Numbers will only rise with muzzleloader up and antlerless-only season on deck

by KEVIN NAZE, [email protected], Peninsula Pulse contributor

Door and Kewaunee County deer hunters combined to register 4,179 whitetails during the nine-day gun season that ended Nov. 27 – up slightly from last year, but about 450 fewer than the five-year average. Combined with the early bow, crossbow and youth gun season totals, hunters have registered about 6,000 deer so far on the Kewaunee/Door peninsula.

That number will continue to climb. The 10-day muzzleloader hunt ends Dec. 7, but it’s immediately followed by a four-day, antlerless-only gun deer hunt. After that, it’s back to camouflage for bow and crossbow hunters before nine more days of blaze during a holiday antlerless gun deer season Dec. 24 – Jan. 1. 

At a virtual media briefing Tuesday morning, Jeff Pritzl, a deer program specialist with the Department of Natural Resources, said the preliminary nine-day totals statewide were 203,295 deer taken, including 98,397 antlered bucks. He expected the numbers to rise by a thousand or two as additional registrations trickle in from those who did not register by 5 pm on Nov. 28.

Statewide, the total harvest was up 14.4% over last year and 7.7% over the five-year average.
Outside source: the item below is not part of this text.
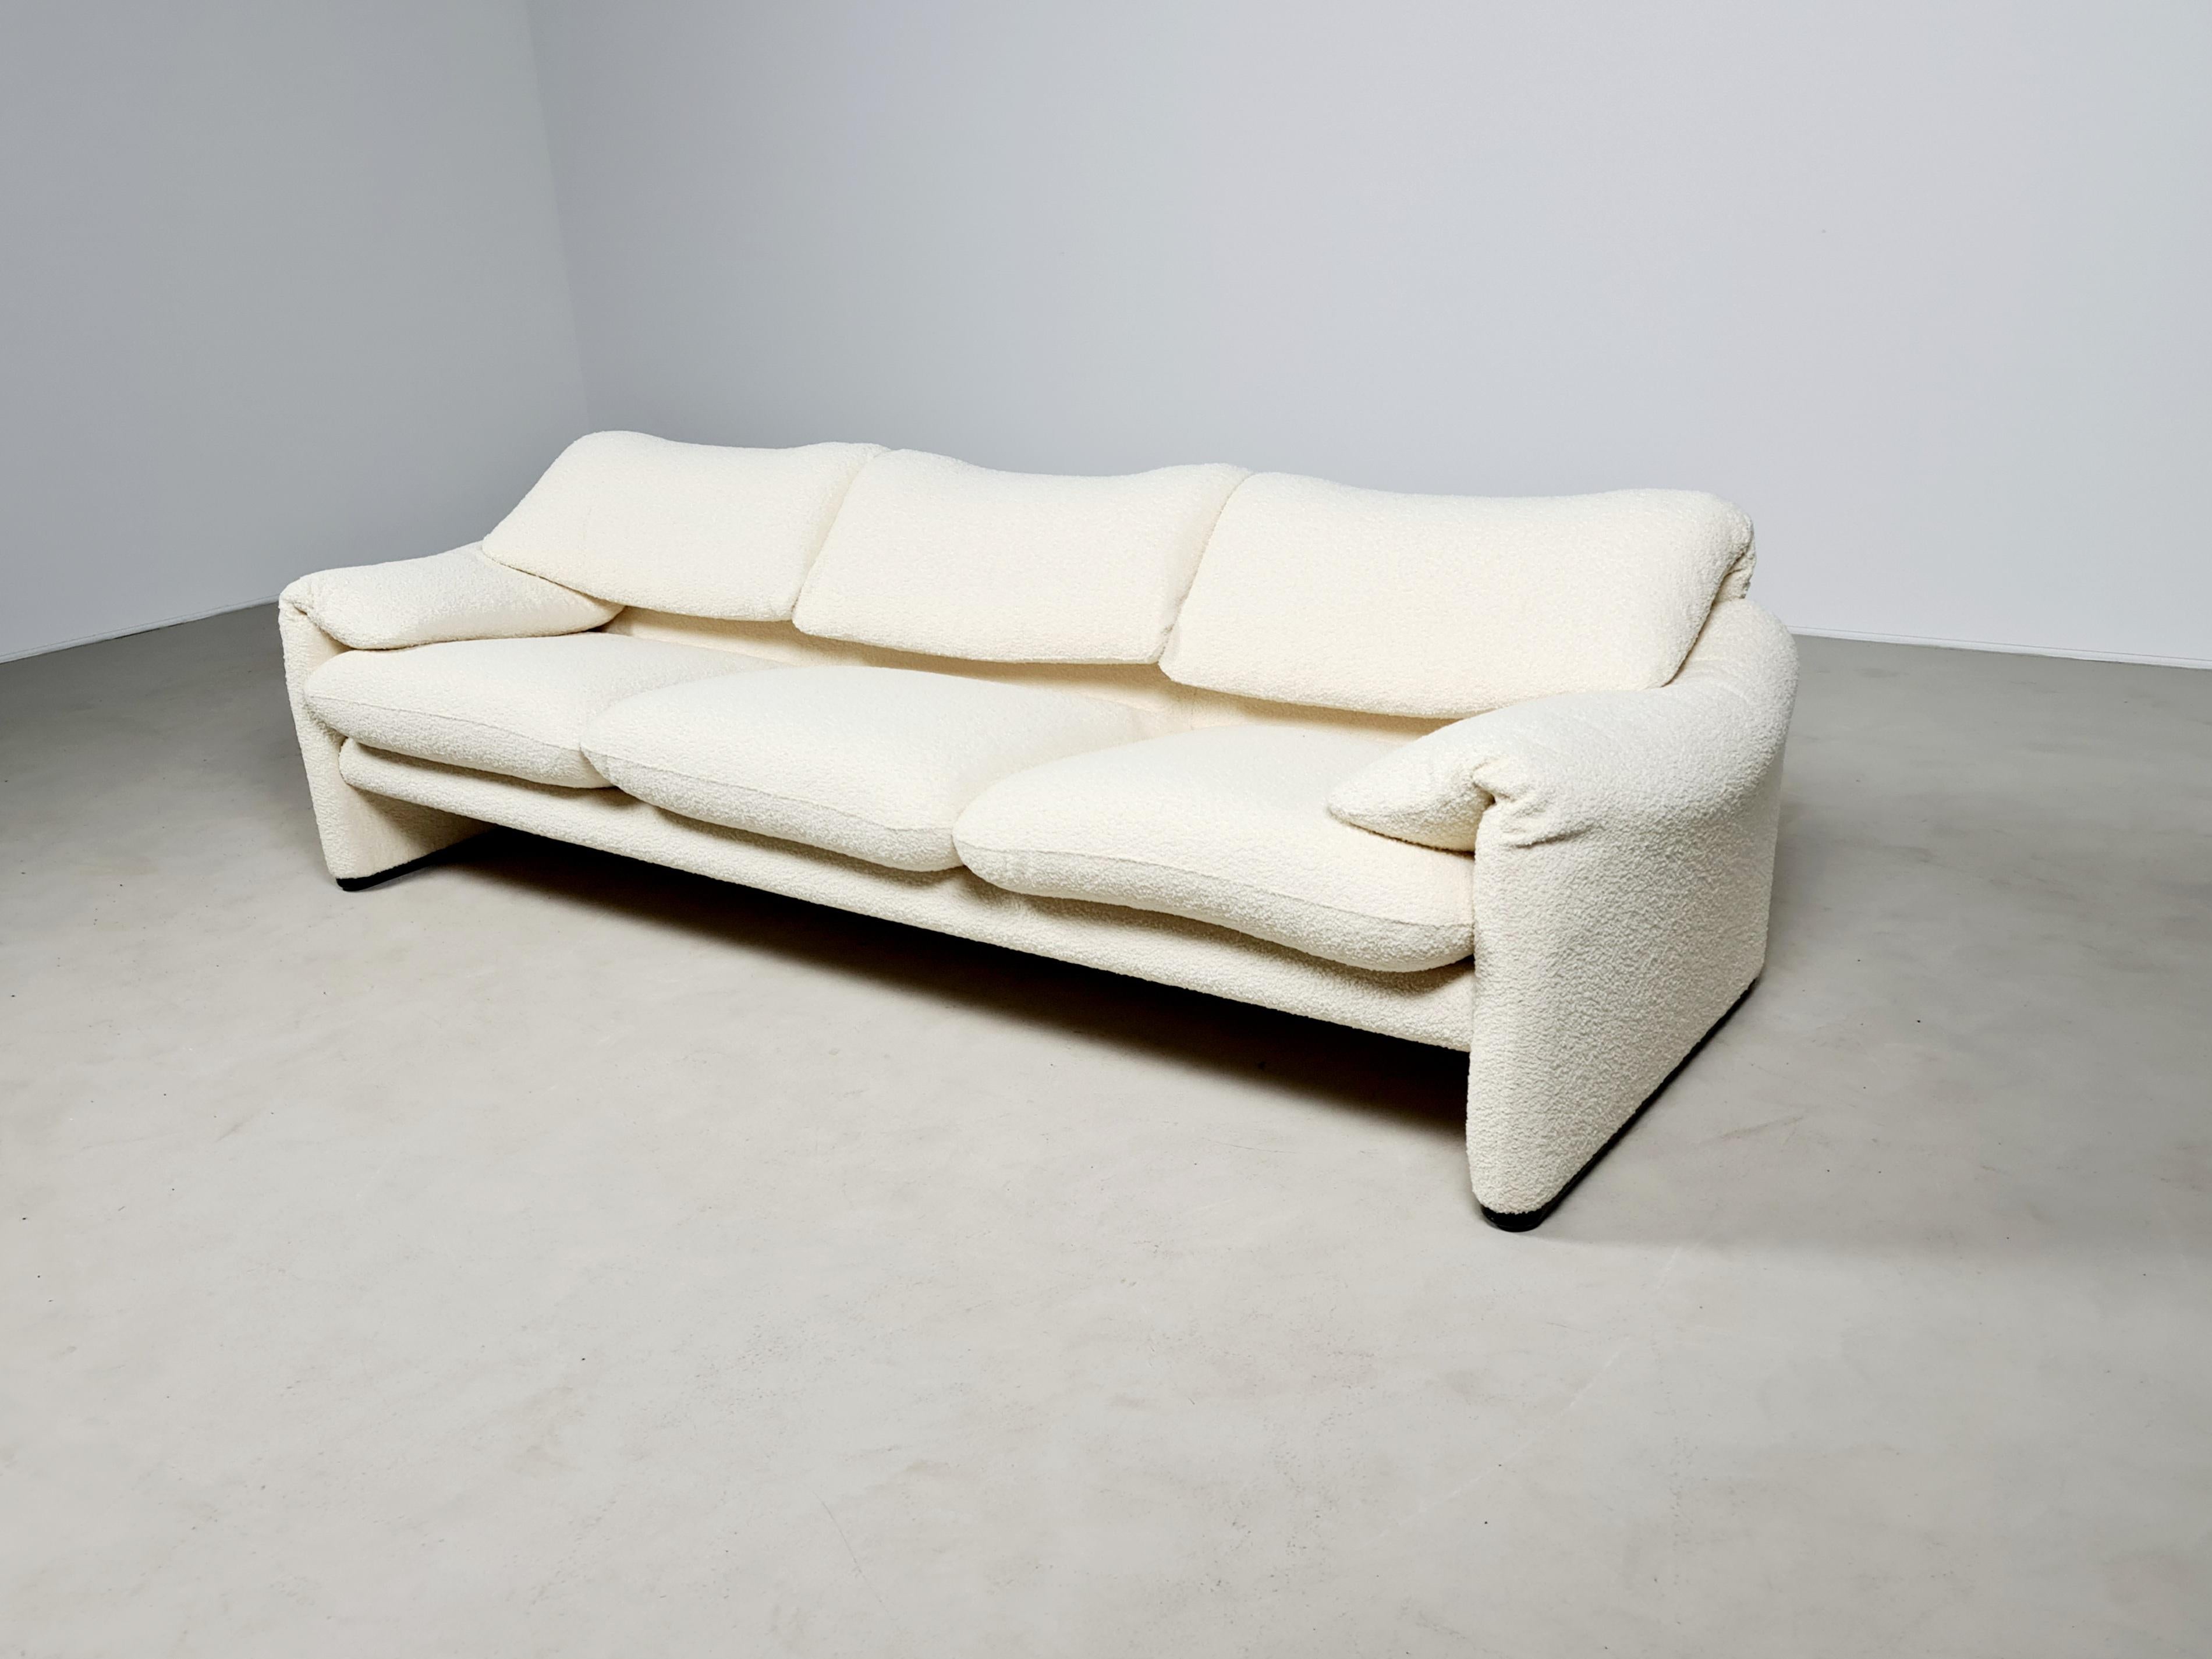 This Maralunga sofa was designed by Vico Magistretti for Cassina in 1973. It is an original version of the seventies. Reupholstered in a creme bouclé by Bisson Bruneel. With steel structure. The backrests can be raised or lowered for total comfort.
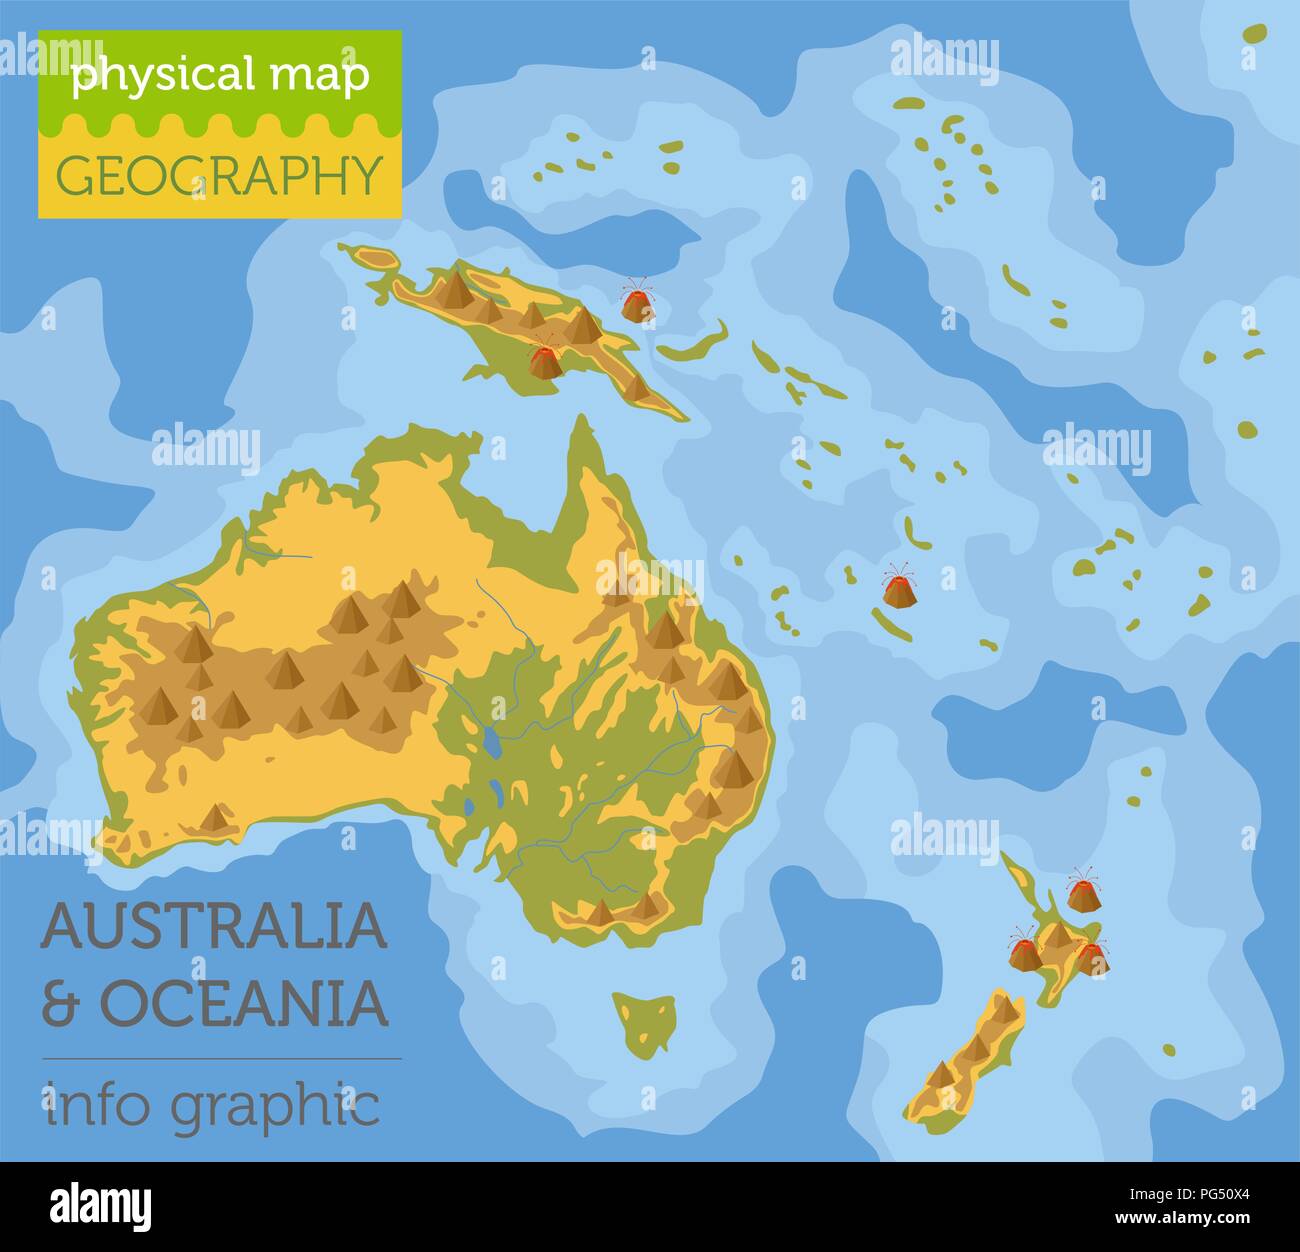 Australia and Oceania physical map elements. Build your own geography info graphic collection. Vector illustration Stock Vector

The biggest increases were in the Northern and Central Forest zones.

Locally, Door County hunters registered 1,131 antlered bucks and 1,260 antlerless, for 2,391 total. That’s up 4.5% over 2021, but down 6.8% from the five-year average. 

Kewaunee County hunters registered 729 bucks and 1,059 antlerless for a total of 1,788 – down 1.9% from last year and 13.4% below the five-year average. 

Combined with the bow, crossbow, youth hunt and deer taken on damage permits, Door was up to 3,424 (1,690 bucks) through Nov. 28, while Kewaunee had 2,549 (1,155 bucks).

Door County’s deer harvest has surpassed 4,000 in eight of the past 15 years, including a record 5,264 in 2017. Last year, only 3,940 were registered by hunters – the least since 2014. About 90% of the deer are taken on private land.

Thought to be the true barometer of a deer population, the buck kill has topped 2,000 in Door County only twice. The record of 2,064 came in 2017. Compare that to just 73 bucks registered in Door County in 1960. A decade later, there were 325. In 1980, 444; in 1990, 1,289; in 2000, 1,694; in 2010, 1,390; and in 2020, 1,704.

Kewaunee County’s record season was also 2017, with 3,787 deer registered. That county’s buck-kill record came in 2015 – the first year of electronic registration for all – at 1,589. It has slid since, down to 1,235 last year. However, that’s still more than any year prior to 2012. 

When looked at in terms of deer taken per square mile of deer habitat (forests, marshes and other large tracts of cover), Pritzl said Kewaunee County was third in the state, at 14.5 deer killed per square mile of deer range during the gun hunt.

In 1960, only 52 bucks were registered in the county. There were 190 reported in 1970, 413 in 1980, 686 in 1990, 889 in 2000, 830 in 2010 and 1,319 in 2020.

Eight Shooting Incidents during Nine-Day Hunt

April Dombrowski, chief of the Department of Natural Resources’ Recreational Safety Section, said there were eight shooting incidents during the nine-day hunt, including one fatality. Six, including the fatality, occurred during opening weekend.

Four injuries – three bullets to the feet or leg involving long guns, and one a bullet to a finger involving a handgun – were accidentally self-inflicted.

Three other incidents, including the fatality, involved members of the same party. The fatality happened while a hunter was unloading a firearm in the back seat of a vehicle. The other same-party incidents took place during a deer drive, and in a ground-blind-to-ground-blind shooting. 

Just one incident involved two different parties. It took place during a deer drive on public land in Jefferson County when one of the drive participants shot at a running deer and hit a hunter – who was on adjacent private land sitting in a ground blind – in the thigh.

Overall, Dombrowski said, hunting is a safe activity in Wisconsin. The past 10 gun seasons have seen an average of 6.4 incidents per year, or about one per 90,000 participants.

Still, she reminded hunters to heed the rules of firearm safety, especially controlling the muzzle. 

“Load the mind before loading the gun,” she said.

License Sales Down

Through Nov. 27, there were 554,838 licenses allowing gun deer hunting sold (Gun Deer, Sports and Conservation Patron). That was down 1.69% from 2021, and about 140,000 fewer gun hunters than there were at the turn of the century. 

“It’s mostly tied to just the demographics of the hunting population, and this is a phenomenon that’s been going on across the country,” Pritzl said. “As the baby boomer generation is aging out of deer hunting, they’re not being replaced at the same rate that they’re leaving.”

The growth of crossbow hunting has offset some of the gun-sales losses. Including bow and crossbow license sales, the combined total of license sales stood at more than 795,000 – down 1.6% from last year’s 808,000 during the same time period.

Despite the decline, Eric Lobner, director of the Department of Natural Resources’ Wildlife Management Bureau, said hunting is about a $2 billion industry in Wisconsin.